At a 2023 Toronto symposium, Smolin proposed a reconception of what AI should be for. The dominant paradigm treats AI as a prediction engine: extract patterns from past data, project them forward, forecast what will happen next. This paradigm works within the Newtonian assumption that the future is implicit in the past — the task is extraction, and the machine's job is to perform the extraction at scale. Smolin's alternative treats AI as a construction tool: the future does not yet exist, and the machine's job is to help conscious creatures bring into being futures they have never imagined. The distinction maps precisely onto the difference between the block universe and temporal naturalism. It has immediate implications for how AI systems should be designed, evaluated, and deployed.
The prediction paradigm is embedded deep in how contemporary AI systems are built and sold. Scaling laws are prediction claims: given this much compute and this much data, the model will achieve this much capability. Benchmark evaluations are prediction claims: given this test, the model will achieve this score. Investment theses are prediction claims: given current trends, this company will win. At every level of the AI industry, the fundamental orientation is toward forecasting what will happen on the assumption that the future is determinable from the present.
Smolin's framework denies that the future is determinable. Not because forecasts are impossible — patterns in the past do constrain what the near future can be — but because the universe is not finished. Configurations that have no precedent produce outcomes that are not determined by preexisting laws. Systems undergoing phase transitions produce states that cannot be extrapolated from their prior states. Genuine novelty enters the universe through the thick present, and it enters in ways that the prediction framework cannot accommodate because the prediction framework assumes the future is already there to be extracted.
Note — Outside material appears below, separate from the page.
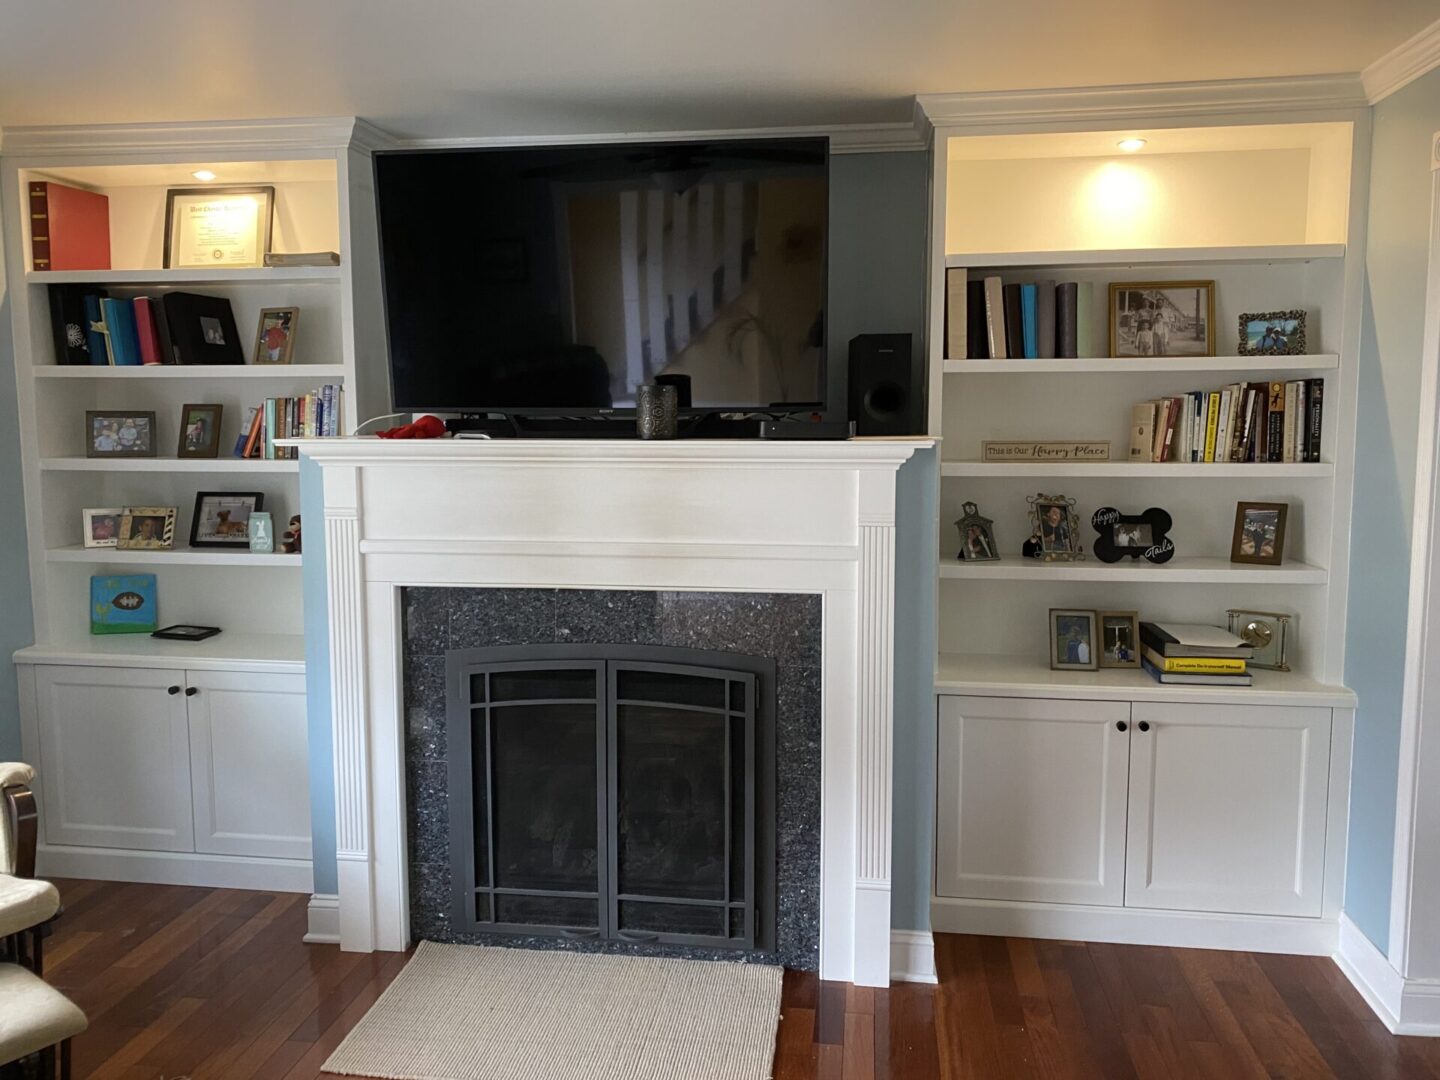 A Flat screen Above a Fireplace With Gates

The construction paradigm reorients AI development around a different question. Instead of asking 'what will happen next?', it asks 'what could we bring into being that does not currently exist?' The analogy Smolin offered at Toronto is instructive. A baby does not attempt to predict who she will meet next. She engages each new encounter with an open question: 'Who is that?' The encounter is genuine because the person encountered is treated as genuinely novel rather than as an instance of a preexisting category. AI systems built for construction would operate similarly — not as engines that extrapolate from past data to forecast future configurations, but as participants in the generation of futures that had no precedent.
The practical implications are substantial. An AI designed for prediction optimizes for accuracy against known benchmarks. An AI designed for construction would optimize for its contribution to the generation of genuinely new possibilities — a criterion much harder to measure but arguably more important. An AI designed for prediction treats the user as a consumer of forecasts. An AI designed for construction treats the user as a collaborator in the creation of futures. Segal's account of his collaboration with Claude in The Orange Pill — the laparoscopic surgery example, the punctuated equilibrium insight — describes construction rather than prediction. The valuable outputs were not forecasts; they were genuinely new connections that opened new possibilities.
The reframing does not require rejecting prediction entirely. Prediction is valuable within the domains where extrapolation is reliable — typing-assistance, spelling correction, weather forecasting at short timescales. But it becomes actively misleading when applied to domains where the future is genuinely open — strategic decisions, creative work, institutional design, the governance of transformative technology. Distinguishing these domains is itself a temporal-literacy problem. It requires asking: is this a situation where the past reliably constrains the future, or is this a situation where something genuinely new is emerging and extrapolation will miss the signal?
Smolin articulated the prediction-versus-construction distinction at a 2023 symposium at the University of Toronto and has developed it in subsequent essays and interviews. The framing builds on decades of his work on the reality of time and connects directly to his collaborative work with Kauffman on combinatorial innovation and with Lanier on the autodidactic universe.
Two paradigms. AI can be designed to predict what will happen or to help construct what has never existed — these are structurally different orientations.
Paradigm tracks ontology. Prediction presupposes the block universe; construction presupposes temporal naturalism.
The baby's question. A genuinely open engagement with what is novel — 'Who is that?' — rather than a pattern-matching against prior experience.
Different optimization targets. Prediction optimizes for accuracy against benchmarks; construction optimizes for contribution to the generation of genuinely new possibilities.
Domain-sensitivity. Prediction is valuable where extrapolation is reliable; construction is necessary where genuine novelty is emerging.